Last week, the U.S. Securities Exchange Commission (SEC) charged London-based Diageo plc with “widespread violations” of the Foreign Corrupt Practices Act (FCPA). In settlement of these charges, Diageo agreed to “cease and desist from further violations and pay $11,306,081 in disgorgement, prejudgment interest of $2,067,739, and a financial penalty of $3 million.”
For those who don’t go to the liquor store, Diageo is one of world’s largest producers of premium alcoholic beverages. Times must be tough for Diageo, as it appears government officials in some countries aren’t satisfied with just a case of Johnnie Walker or Ketel One.
The SEC claims Diageo made improper payments to government officials in India, Thailand and South Korea over a period of more than 6 years (and, one wonders, what took everyone — internally or externally — so long to figure this out?).
From 2004 to mid-2008, Diageo paid approximately $12,000 per month – totaling nearly $600,000 – to retain the consulting services of a Thai government and political party official. This official lobbied other high-ranking Thai government officials extensively on Diageo’s behalf in connection with pending multi-million dollar tax and customs disputes, contributing to Diageo’s receipt of certain favorable decisions by the Thai government.
The SEC claims that Diageo, in South Korea, paid more than $86,000 to a customs official as a reward for his role in the government’s decision to grant Diageo significant tax rebates.

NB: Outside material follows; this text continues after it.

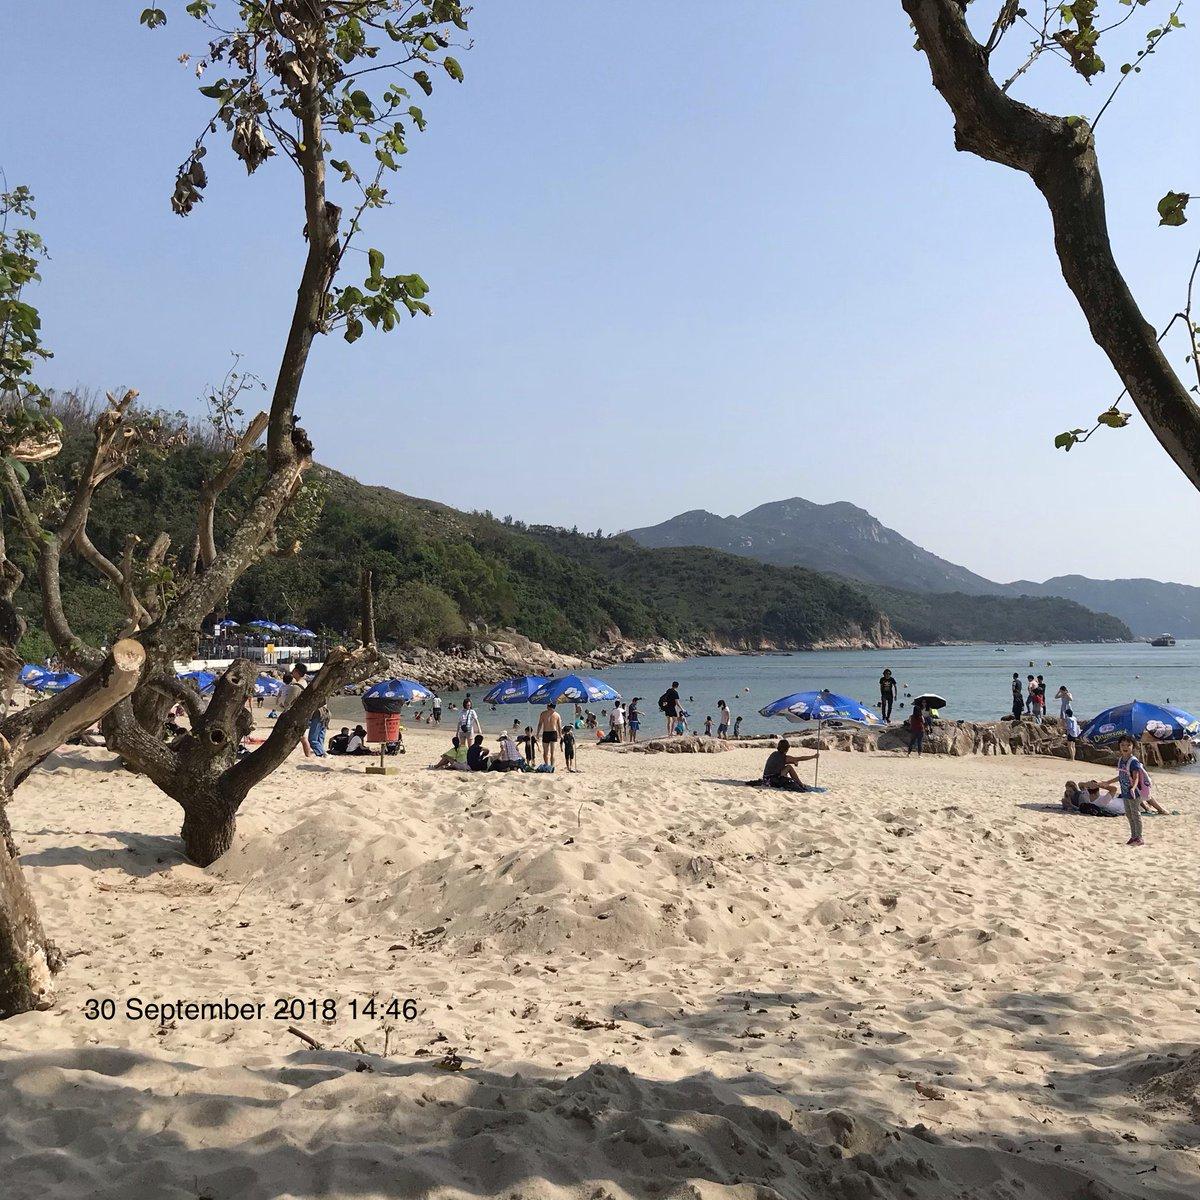 Sandy beach, warm day, & mountain view on Hung Shing Ye bay on Lamma island

Further, Diageo also improperly paid travel and entertainment expenses for South Korean customs and other government officials involved in these tax negotiations. Separately, Diageo routinely made hundreds of gift payments to South Korean military officials in order to obtain and retain liquor business.
In India, from 2003 through mid-2009, Diageo made over $1.7 million in illicit payments to hundreds of Indian government officials responsible for purchasing or authorizing the sale of its beverages.
Further, the SEC charged that Diageo engaged in lax oversight and maintained deficient controls. Its subsidiaries were alleged to have routinely used third parties, inflated invoices, and other deceptive devices to disguise the true nature of the payments. Sometimes, they failed to record the payments at all.
Indicating the penalties could have been more severe, the SEC noted that Diageo cooperated with the SEC’s investigation and implemented certain remedial measures, including the termination of employees involved in the misconduct and significant enhancements to its FCPA compliance program.
Clearly there are many lessons to be learned from “Diageo.” Among them:
- The SEC continues to target companies headquartered outside of the U.S. for FCPA enforcement;
- There should be an active, challenging and realistic dialogue with group and subsidiary management about any obstacles to doing business in various countries;
- South Korea, India, and Thailand should be added to the list of high risk countries, if not already on your radar;
- Not surprisingly, many of these payments were repeating — accounting and compliance should look for the frequency of payments made to individuals as well as considering the amounts and the purpose; and,
- It’s important to analyze payments to third parties, especially when vague services are described. Ask the important questions, including, what services are these third parties performing that would merit the size and frequency of the checks they receive from your corporation?
Disgorgement of profits is a tough remedy (though not as tough as China’s executions for receiving the bribe). Better to have the controls that can recognize the violations sooner, than later.
And, BTW, compliance training, compliance training, and compliance training with a lot of genuine tone from the top is a good start.